[Data extract Boundary: Start]

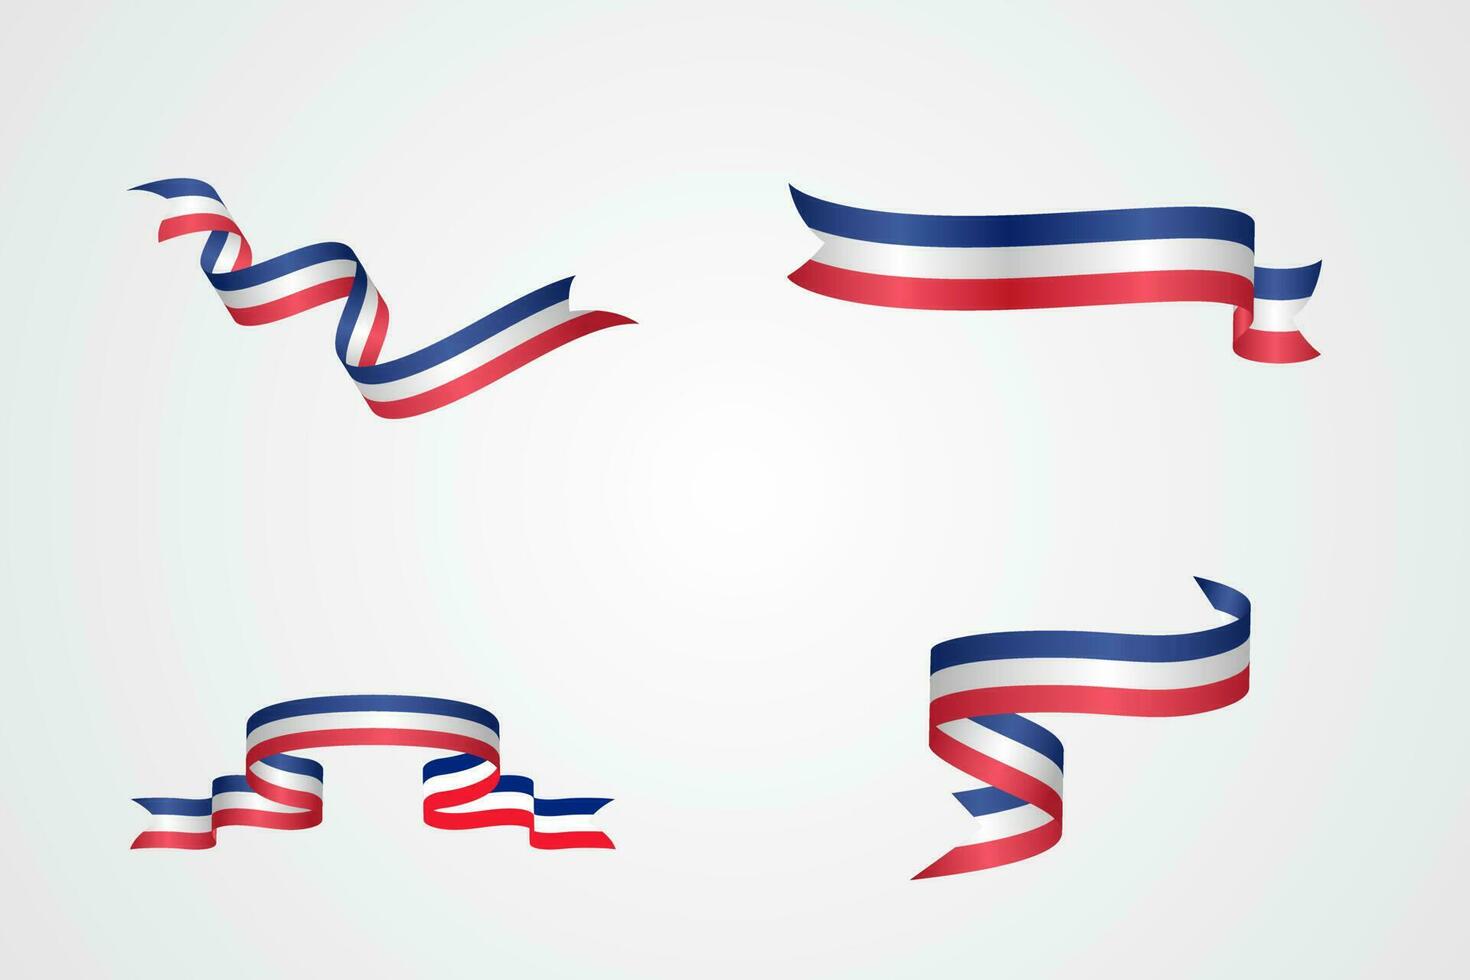 reeks van vlag lint met palet kleuren van Frankrijk voor onafhankelijkheid dag viering decoratie vector
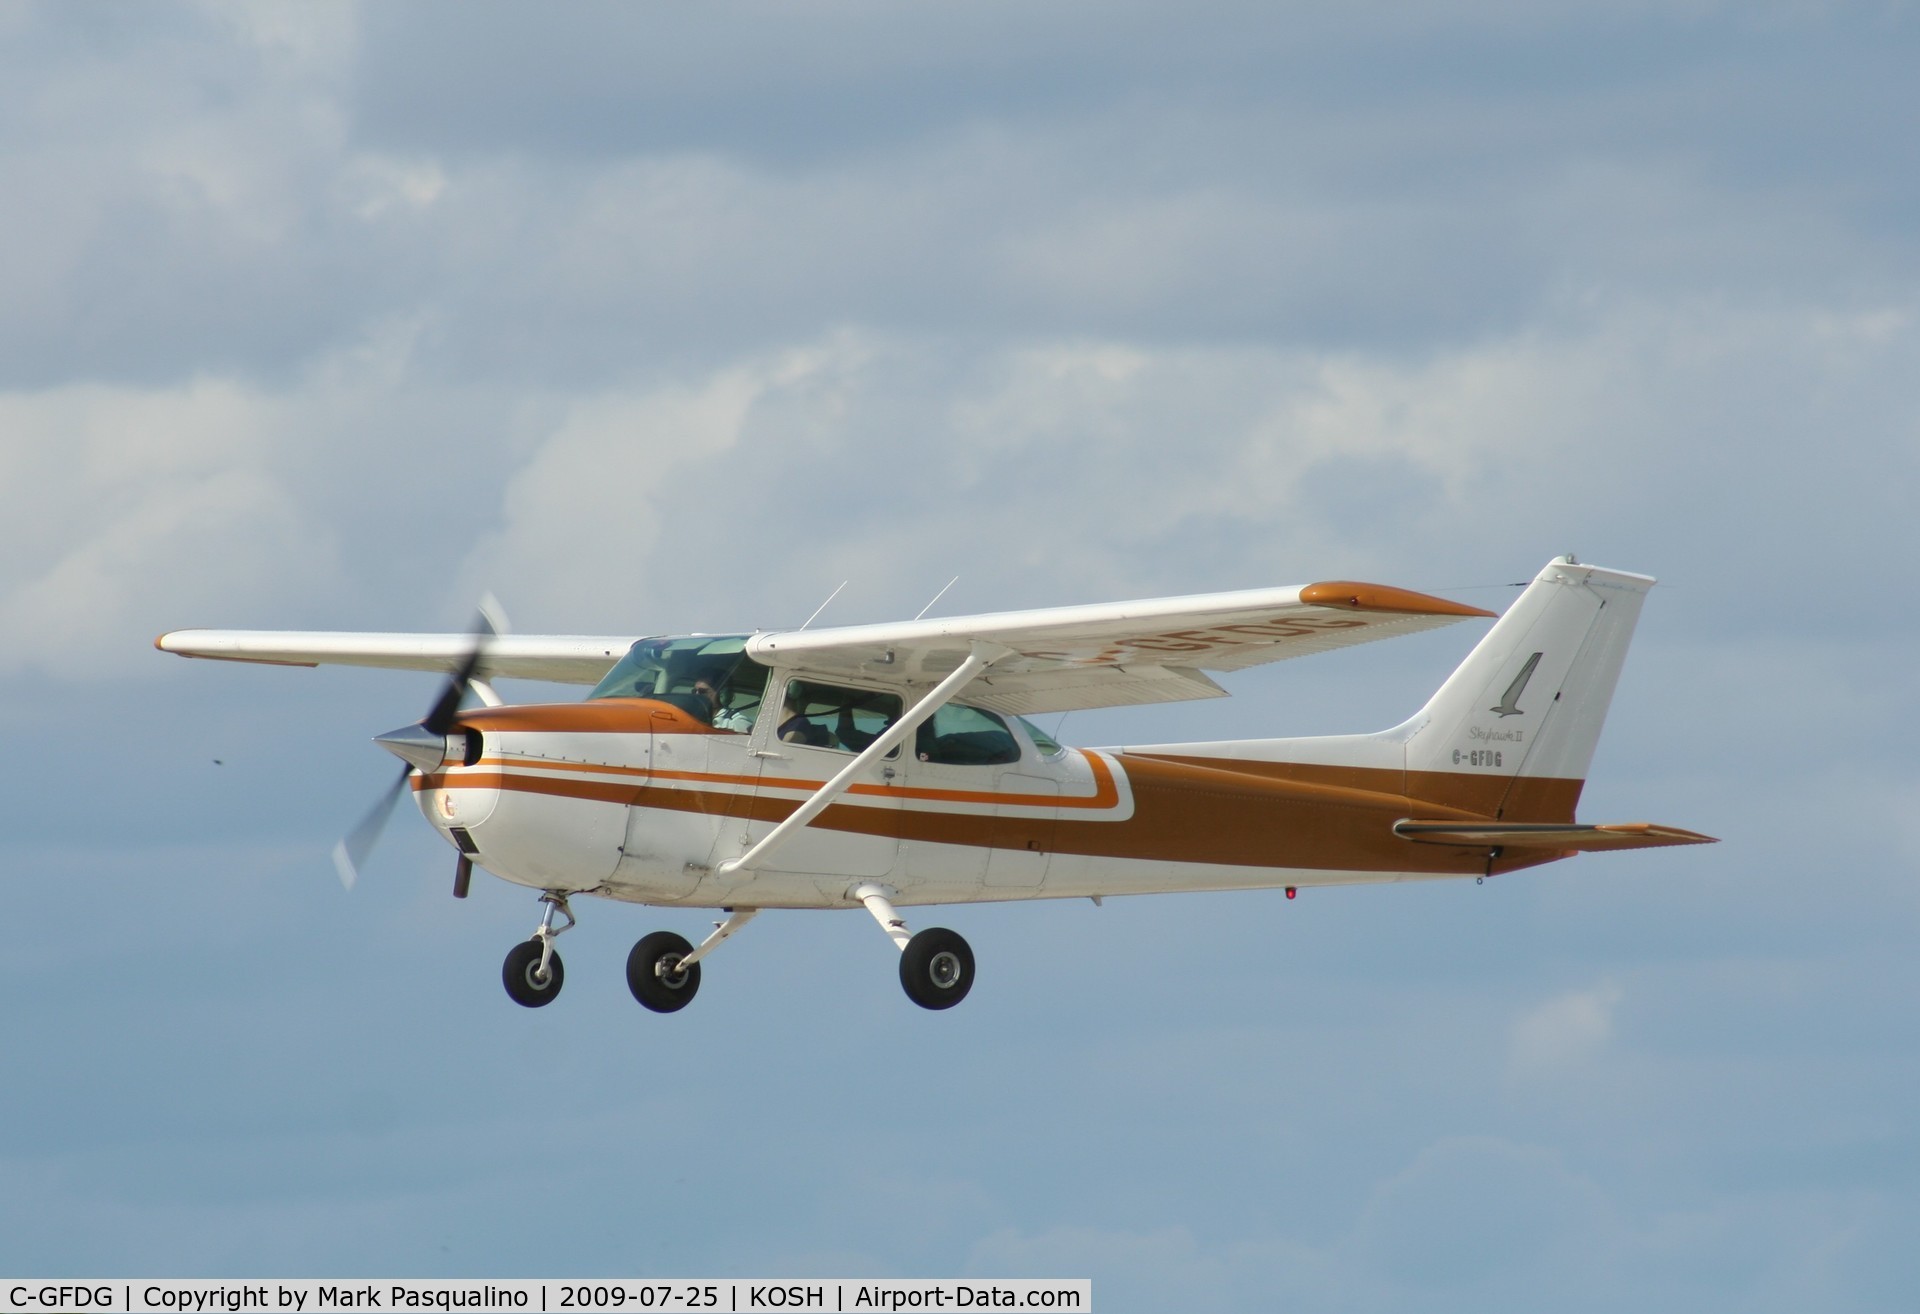 C-GFDG, 1974 Cessna 172M C/N 17263199, Cessna 172
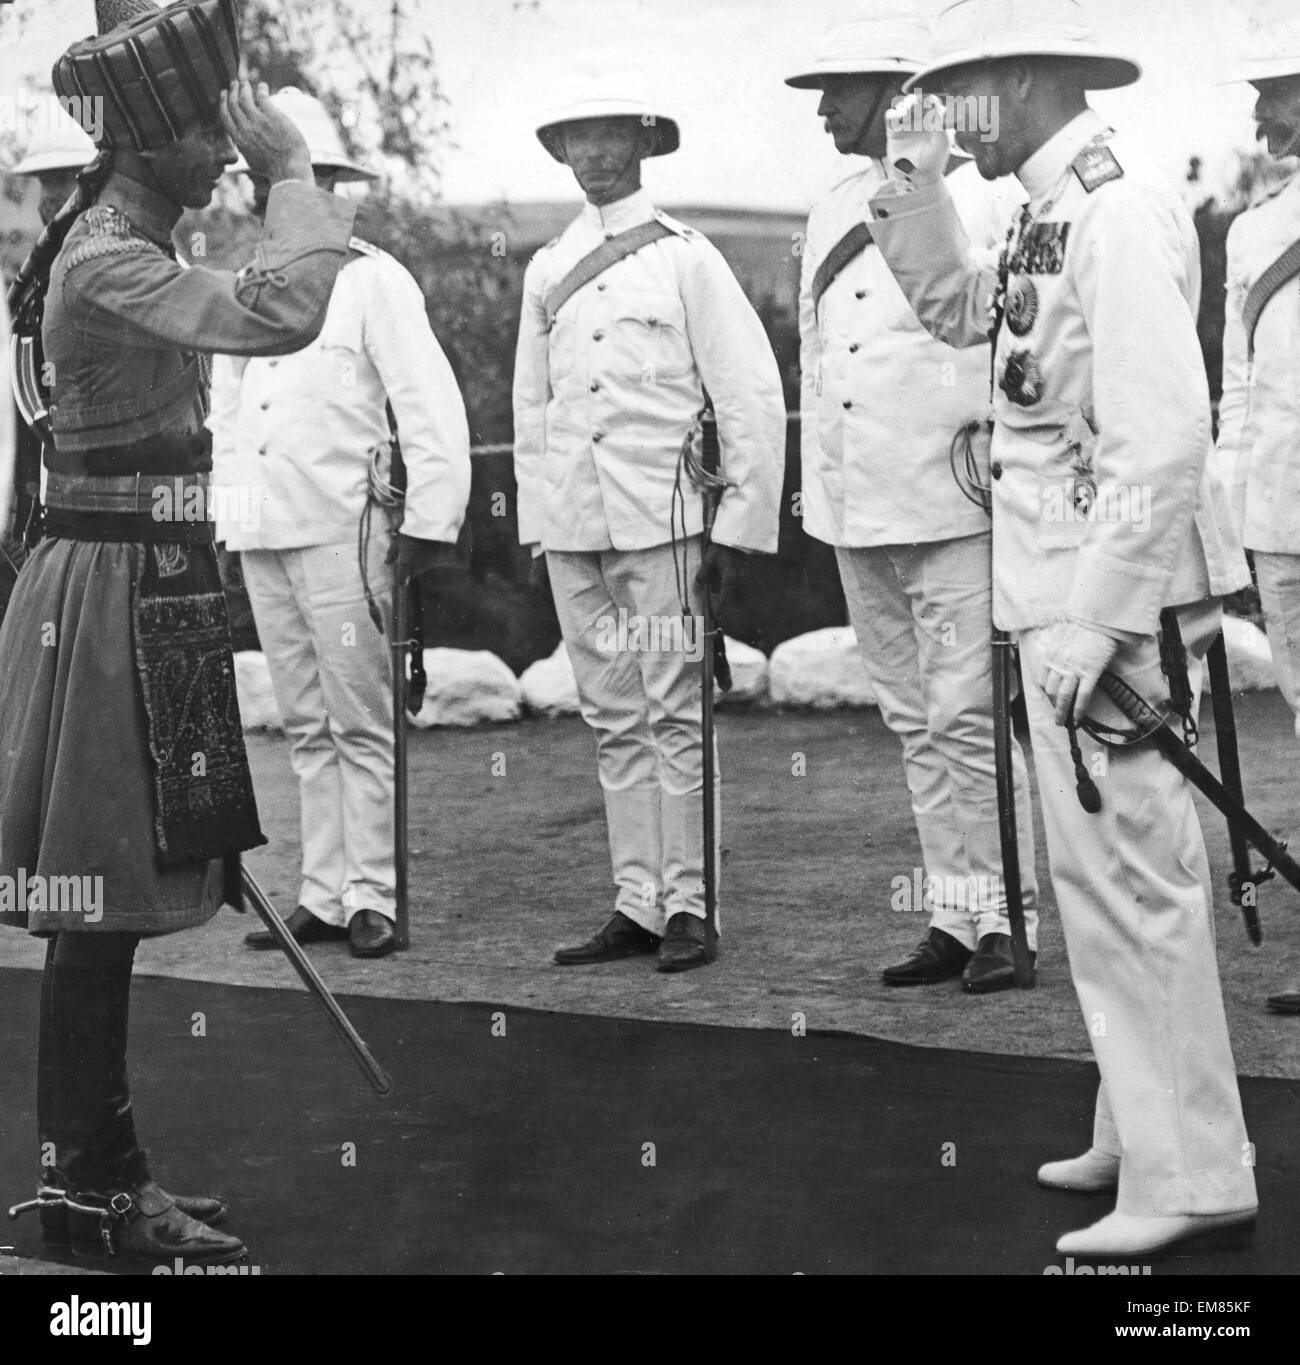 Le roi George V de retourner le salut d'un fonctionnaire indien à Aden . Le Roi est en route pour l'Inde pour son couronnement Durbar. 12 Novembre 1911 Banque D'Images

[Data extract Boundary: End]

# Task item:
Word for word, print all of the data; skip the pictures.

# Result for this task:
 reeks van vlag lint met palet kleuren van Frankrijk voor onafhankelijkheid dag viering decoratie vector
 C-GFDG, 1974 Cessna 172M C/N 17263199, Cessna 172
 Le roi George V de retourner le salut d'un fonctionnaire indien à Aden . Le Roi est en route pour l'Inde pour son couronnement Durbar. 12 Novembre 1911 Banque D'Images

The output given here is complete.